Une allumette à trois (Three on a match) – de Mervyn LeRoy – 1932
Ce qu’il y a de passionnant dans la période pre-code du cinéma américain, c’est justement que le code Hayes n’était pas en vigueur, et qu’on se permettait à peu près tous les excès. Ce très beau mélodrame, signé par Mervyn LeRoy la même année que son chef d’œuvre Je suis un évadé, est très représentatif de cette parenthèse hollywoodienne qui n’aura duré que quelques années, au début des années 30.
C’est une terrible histoire de déchéance que raconte le film : celle d’une jeune femme qui avait tout pour être heureuse, et qui s’est totalement perdue.
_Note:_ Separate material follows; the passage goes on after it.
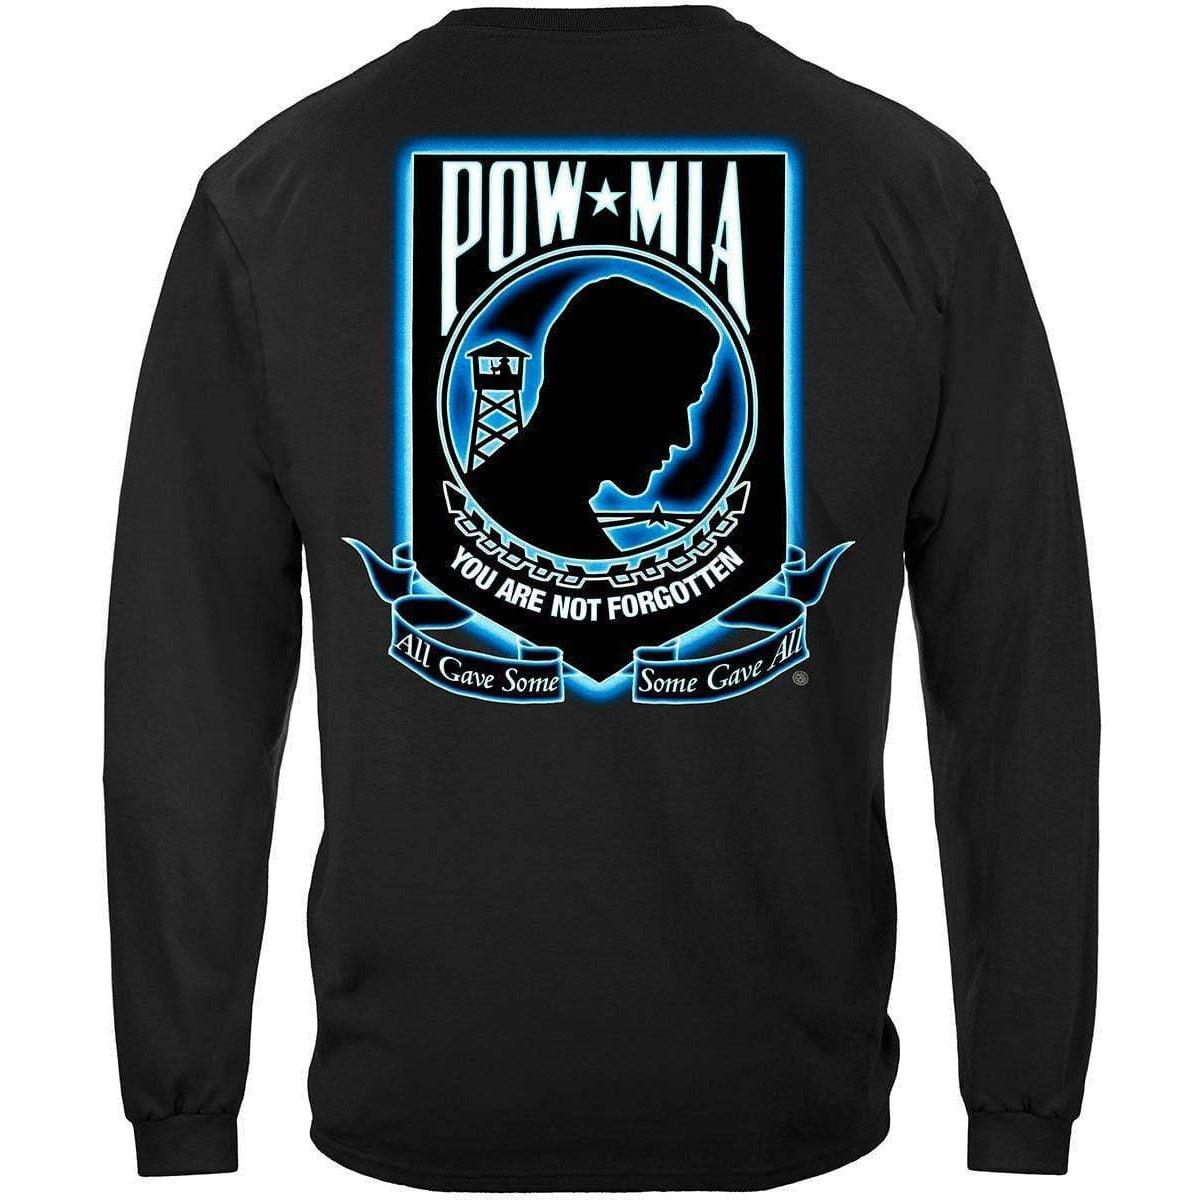 POW MIA - You Are  Not Forgotten - Some Gave All T-Shirt - Military Republic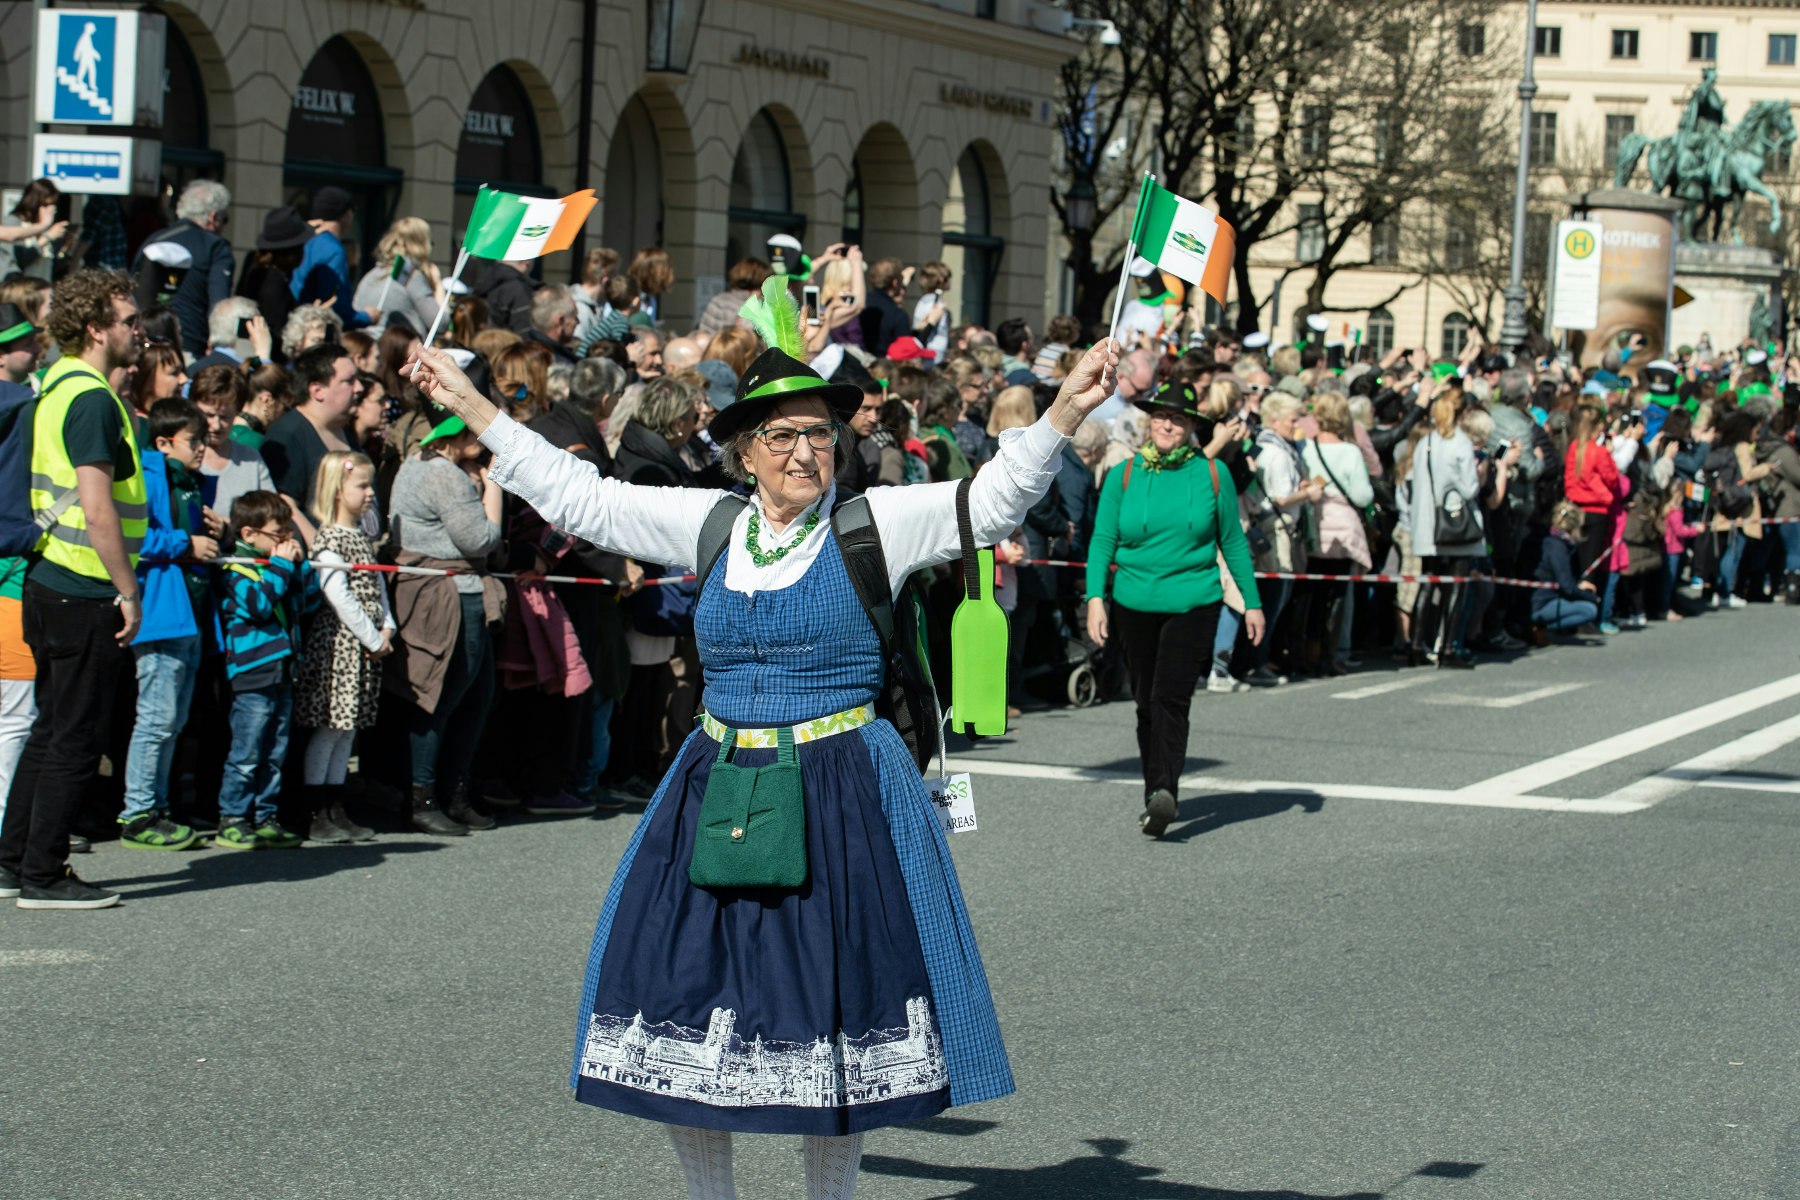 A woman in traditional Bavarian dress walks in Munich's St Patrick's Day parade waving two Irish flags

Une enfant gâtée et populaire, devenue l’épouse d’un homme riche, bon et aimant, et la mère d’un p’tit bonhomme adorable (le stéréotype du gamin hollywoodien : cheveux bouclés, moue boudeuse, petit nez retroussé), mais qui s’ennuie et se laisse entraîner par le premier séducteur entreprenant venu, qu’elle suit dans ses excès et sa débauche.
Le film est surtout passionnant parce qu’il raconte d’une manière très originale le destin croisé de trois amies d’enfance très différentes, de milieux sociaux très marqués : la fille de riche destinée à une vie facile (Ann Dvorak, d’une intensité folle), la fille modeste qui se prépare à une vie de labeur (Bette Davies, très jeune et très jolie), et la fille délurée habituée aux maisons de correction (Joan Blondell, douce et sexy à la fois).
Le film est un rien moralisateur, mais d’une manière inattendue. La deuxième chance existe pour celle qui était promise au plus sinistre des avenirs. Lorsque son amie fortunée se laisse aller à la débauche, elle aussi a toujours une porte de sortie. Mais quand son fils est la victime de ses écarts, il n’y a plus de retour possible, et la chute est spectaculaire. Sexe, alcool, drogue… Rien n’est montré vraiment frontalement, mais tout est d’une clarté sidérante.
Tombée au plus bas, Vivian aura tout de même un sursaut d’humanité, aussi bref que sidérant. Ce serait cruel de révéler la nature de ce sursaut ici, mais c’est la scène la plus forte du film, un éclat inattendu, spectaculaire et bouleversant, qui vaut la dernière « image » si mémorable de Je suis un évadé.
La structure du film est elle aussi assez originale : les mois et les années s’écoulent entre deux séquences, rythmées par des images d’actualité et des coupures de presse qui font avancer l’intrigue tout en le situant dans un contexte historique (crise boursière, tragédie, menace de guerre…), dont les protagonistes semblent pourtant totalement étrangers. Cette structure contribue à faire ressentir le poids du temps qui passe (malgré la courte durée du film, à peine plus d’une heure), et le gâchis de ce qui a été perdu.
On est aussi bien heureux de découvrir dans un rôle secondaire (il apparaît vingt minutes avant la fin du film) un jeune Humphrey Bogart, qui n’avait tourné qu’une dizaine de films mineurs, et dans des seconds rôles (dont le Up the river de Ford), et qui révèle déjà une présence joliment brutale, avec ce petit sourire sarcastique que l’on retrouvera dans Le Faucon maltais.
• Three on a match figure dans le volume 2 de la collection « Forbidden Hollywood », édité en zone 1 chez TCM Archives, avec The Divorcee de Robert Z. Leonard, A Free Soul de Clarence Brown, Female de Michael Curtiz et Night Nurse de William Wellman. Tous des films pre-code.